An HDTV image shot in 24p, or 24 fps progressive scanning, gives a less frequent scanning rate or slower temporal resolution. Shooting in 24p means it takes longer to scan a full frame because successive lines must be scanned. A 24p frame rate creates a softer, film-like look. In 24p, rapid motion is not advisable because the slower temporal resolution cannot capture enough motion detail to track the action clearly.
One of the reasons 24p was developed as a standard was to match 35mm motion picture film, both in terms of temporal and spatial resolution. Certain television programs that originated in SD video are converted to HDTV for archival and sometimes broadcast purposes. However, shows that were created after the advent of HDTV, but during the time HDTV standards were still being defined, turned to film for production purposes. This allowed the shows to be both archived in film, an established medium, and converted to any video standard at a later date.

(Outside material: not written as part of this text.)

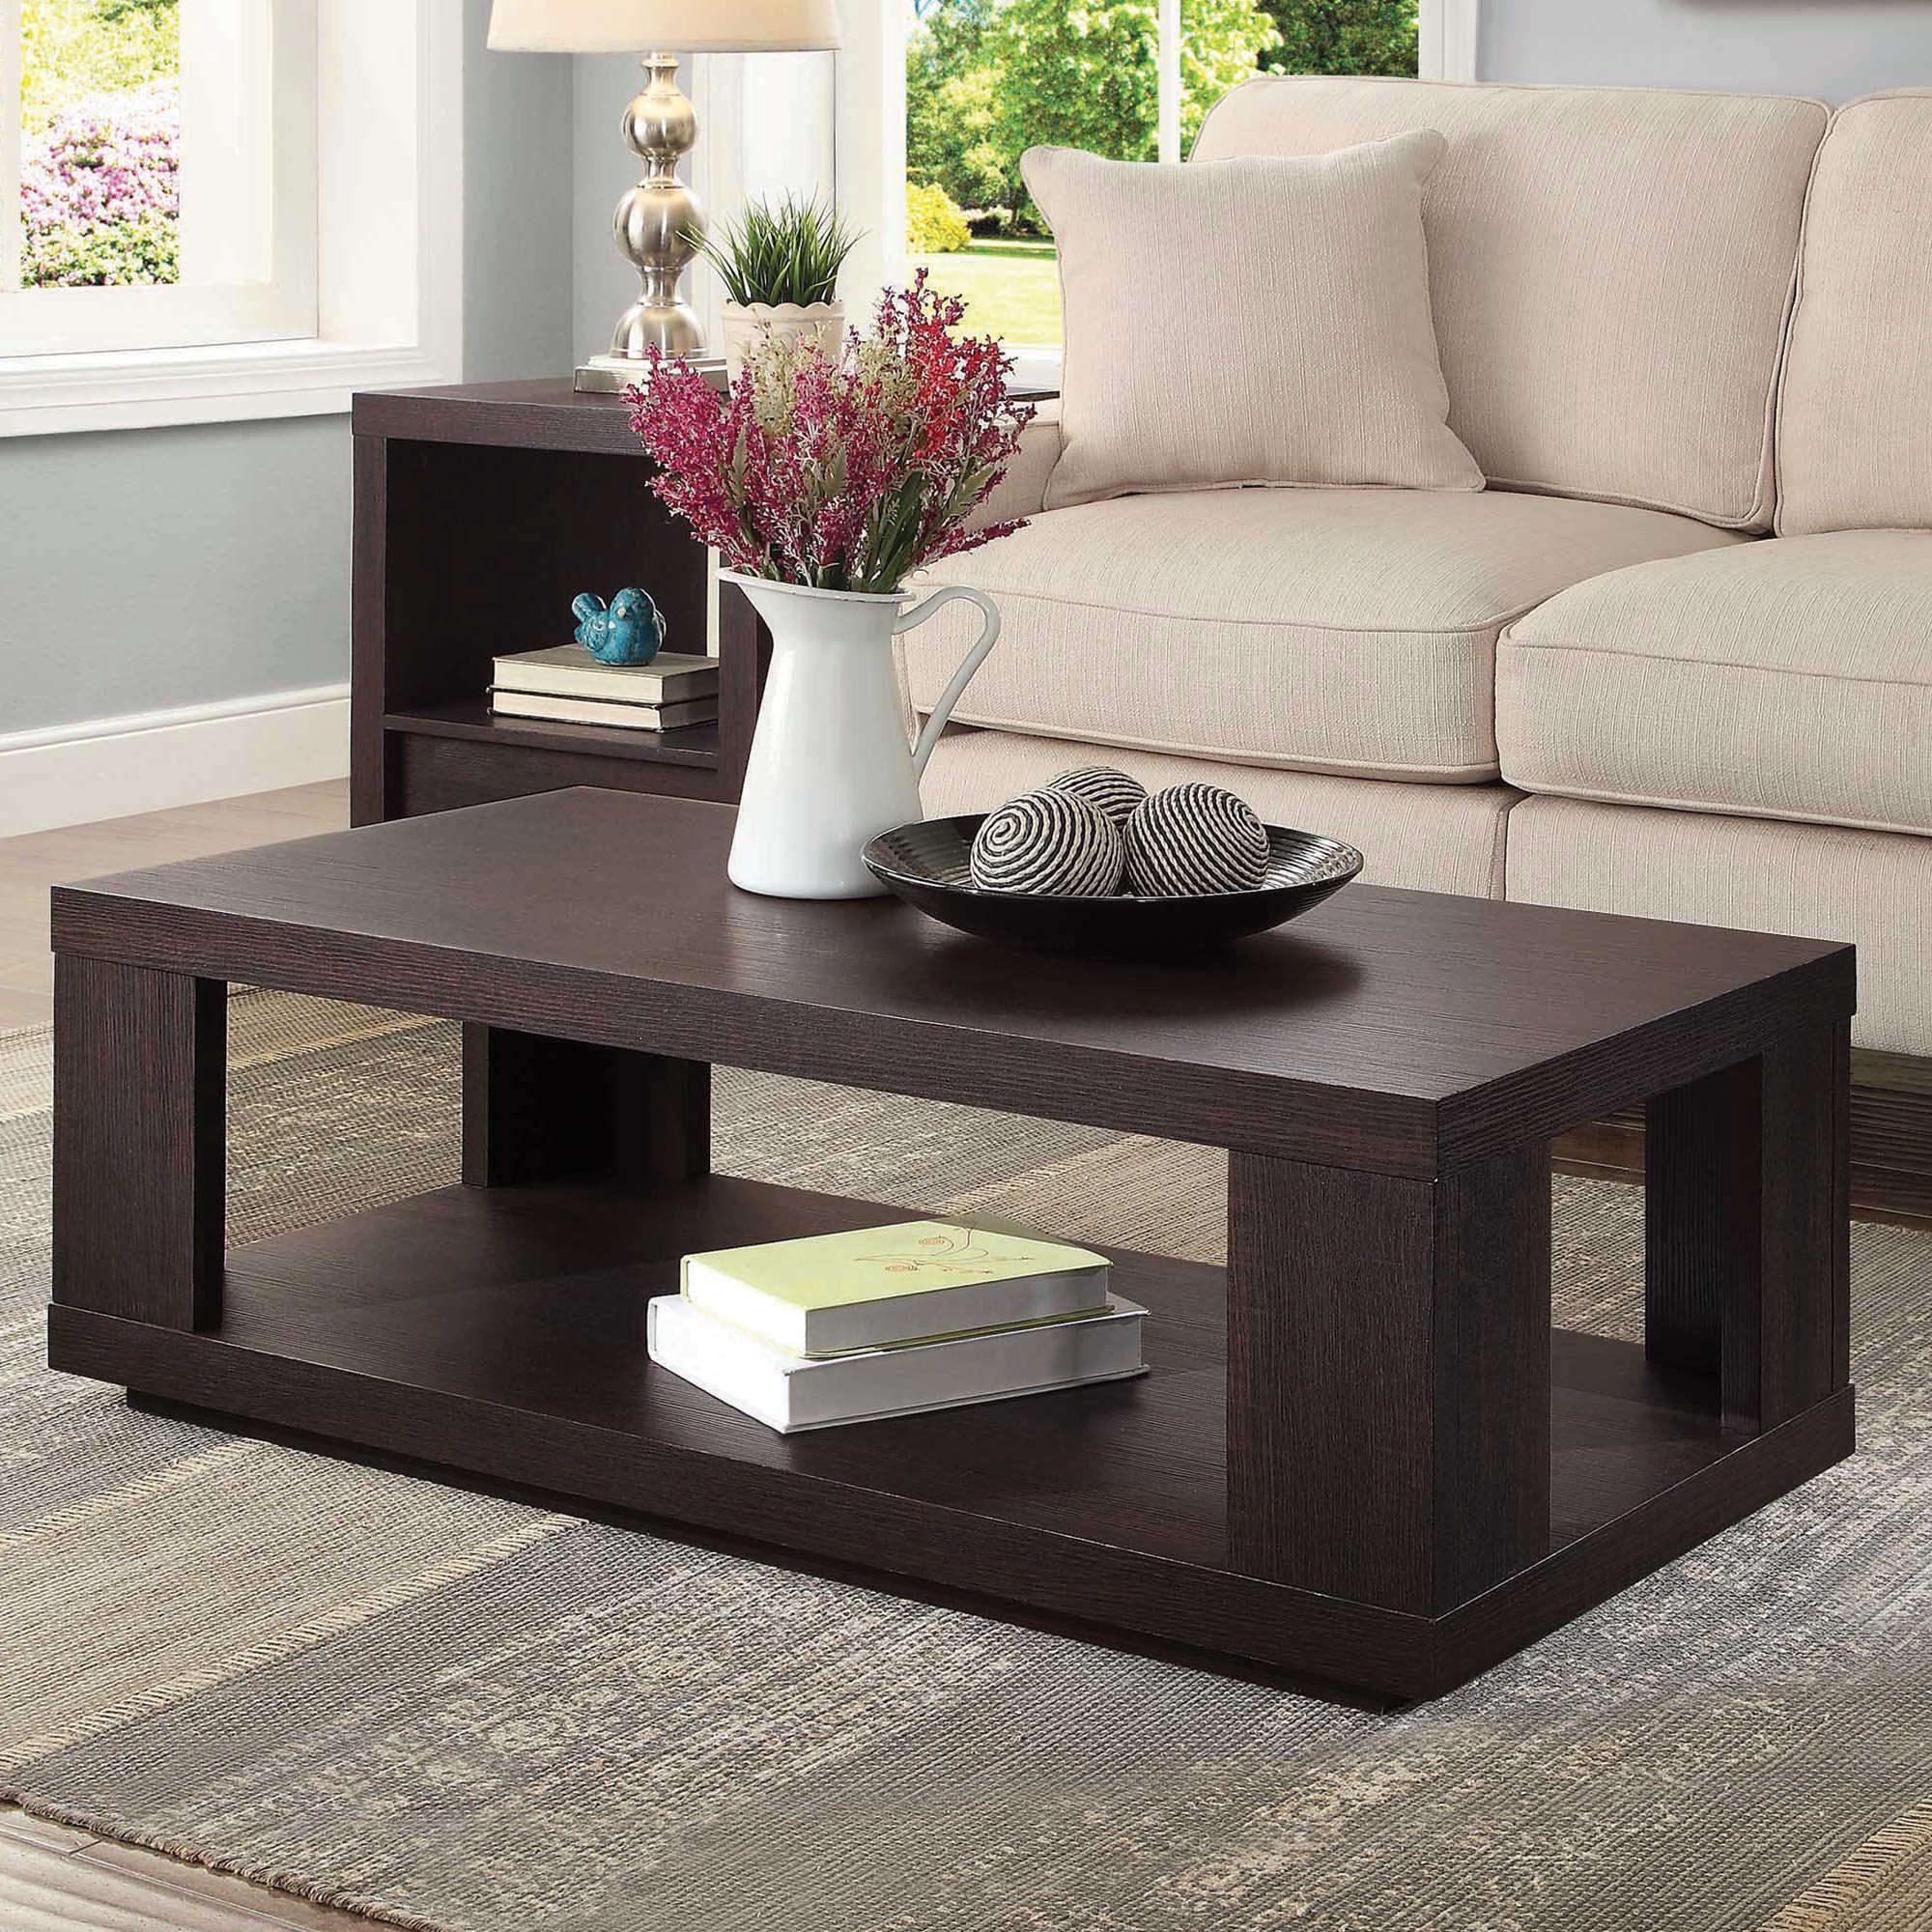 Widely Used Espresso Wood Finish Coffee Tables Regarding Better Homes & Gardens Steele Coffee Table With Lower Shelf, Espresso (View 13 of 15)

Digital video uses a data stream to carry picture information, but there is also non-picture data mixed in with it. Some of this non-picture data contains sync and color information, and some of it contains information about the picture data stream itself. This digital data stream also contains information about which standards are being used.
In analog video signals, the vertical blanking interval between fields was used to carry synchronizing information and eventually included test signals, timecode and closed captioning data. In digital video this data has now been incorporated into the data stream and is included under the heading of VANC, or vertical ancillary data. VANC is created and encoded into the data stream through a data encoder that creates and can also retrieve the information. The data to be encoded is programmed in by the operator through a series of menus built into the encoder.
In addition to VANC, there is also HANC or horizontal ancillary data. This is analogous to the data carried in the horizontal blanking interval that relates to line-by-line synchronization and color synchronization.